In a population where majority are physically active, it will be a challenge to determine factors facilitating voluntary PA participation. Though many correlates of PA have been identified in western population, it is likely that the correlates are different in LMICs. As LMICs such as India are transitioning towards economic development, it is imperative to determine factors influencing PA adoption and participation.

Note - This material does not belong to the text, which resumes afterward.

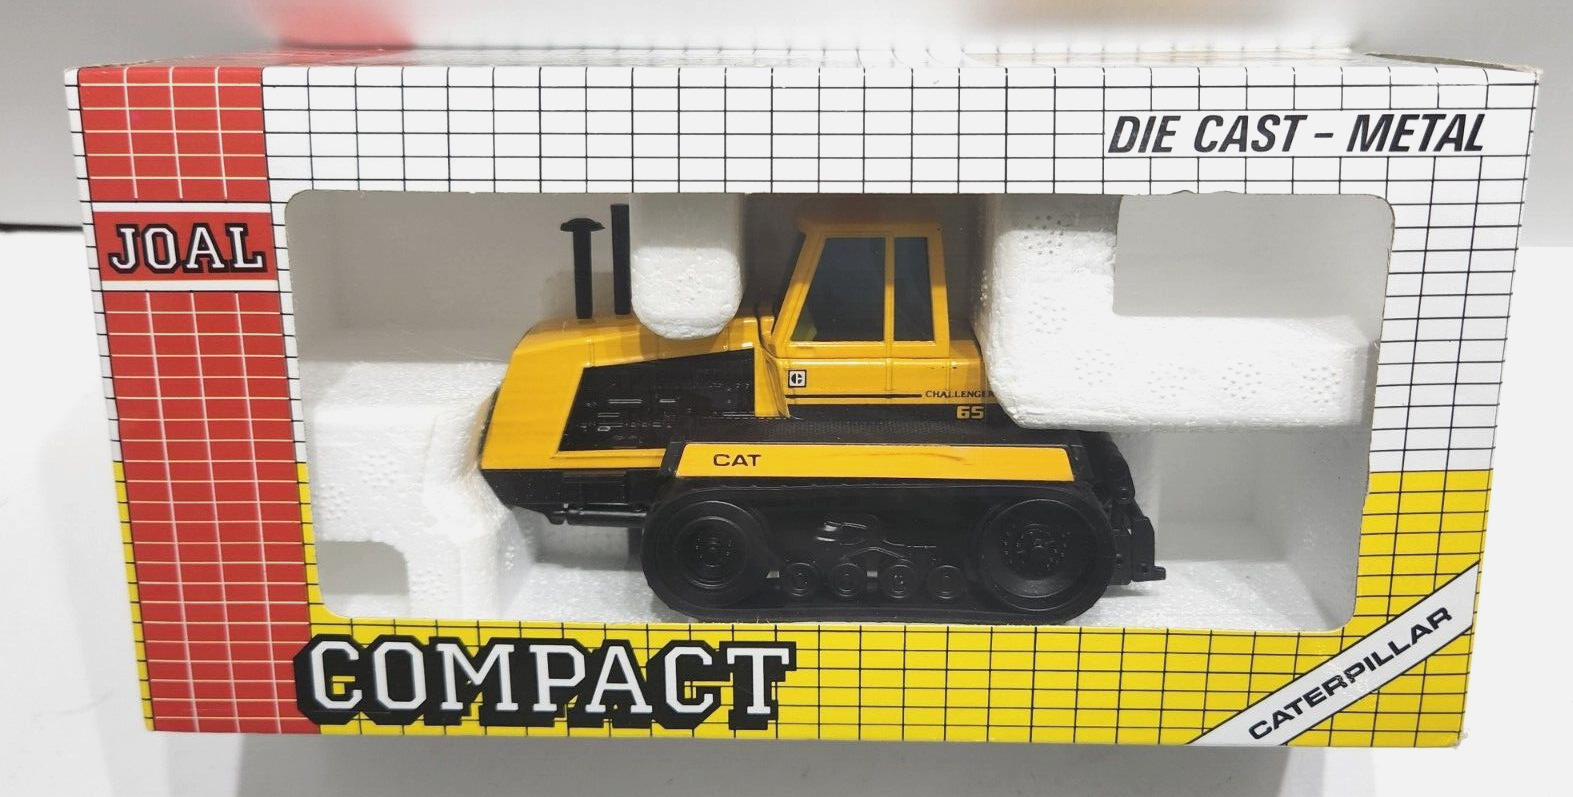 JOAL Caterpillar Cat Challenger 65 Tractor 1/50 Scale Toy Die-Cast Metal Spain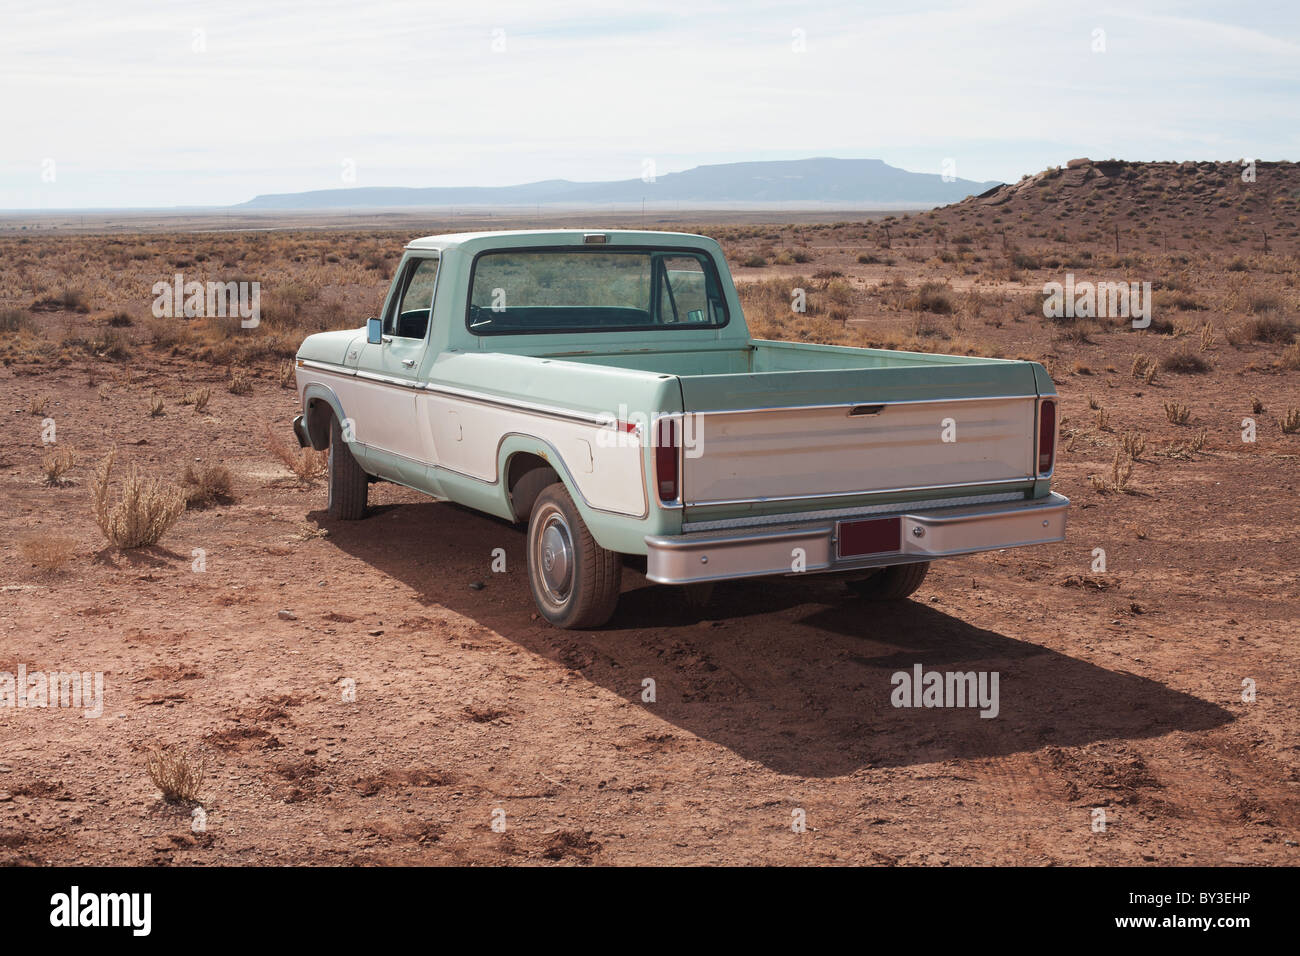 USA, Arizona, Winslow, Pick-up truck on desert Stock Photo

Many studies from different LMIC settings are needed to understand factors influencing PA. The role of knowledge and awareness, personal beliefs and cultural influences, gender, education, occupation, socioeconomic status, chronic disease risk status, environmental factors, social support, policies and the like on PA behaviour in LMICs needs to be studied to device effective strategies to arrest declining PA levels.
Strengths & limitations
The results of this study could be considered representative of this region due to its sampling methodology. Content validation and field testing of the questionnaire prior to the study, use of a single interviewer and training of the interviewer in the local language was done to reduce bias in administering the questionnaire. The support of the local health workers in introducing the interviewer to the participants’ family ensured familiarity and better cooperation from the participants. A few studies in the past have assessed awareness as part of intervention program but to our knowledge, there are few studies from LMICs like India that has addressed the problem of awareness of benefits of PA. Most studies on awareness of benefits of PA have used closed ended questions or a Likert-type scale. Though such a methodology has its own advantages, we felt the use of such a method could bias the participant towards positive response. Open ended question, as used in this study, on the other hand could capture the actual perception of benefit of PA among participants. Despite the strengths of this study, it has several limitations and it should be considered while interpreting its results. The PA status was assessed by a questionnaire. Though GPAQ is being used in large epidemiological studies in developing countries, like any PA questionnaire, it has inherent errors in quantifying PA. An objective measure would have been ideal but could not be used due to funding limitations. As the interview was conducted by a single investigator, time related factors could have affected the PA levels. Care was taken to avoid monsoon and summer months for this purpose. Moreover, as no active intervention targeting awareness was in progress, it is unlikely that the participants’ perceptions would have changed. Even though, use of open ended question helped in obtaining the actual perceptions of people, it limited the possibility of further analysis. Though correlation of participants PA level and awareness of benefit with other factors like their current chronic disease risk profile, educational and socioeconomic status would have added a wealth of information, such measurements were not within the scope of this study. This study was conducted in a rural population and it is not known if the same trend would be observed in the urban population.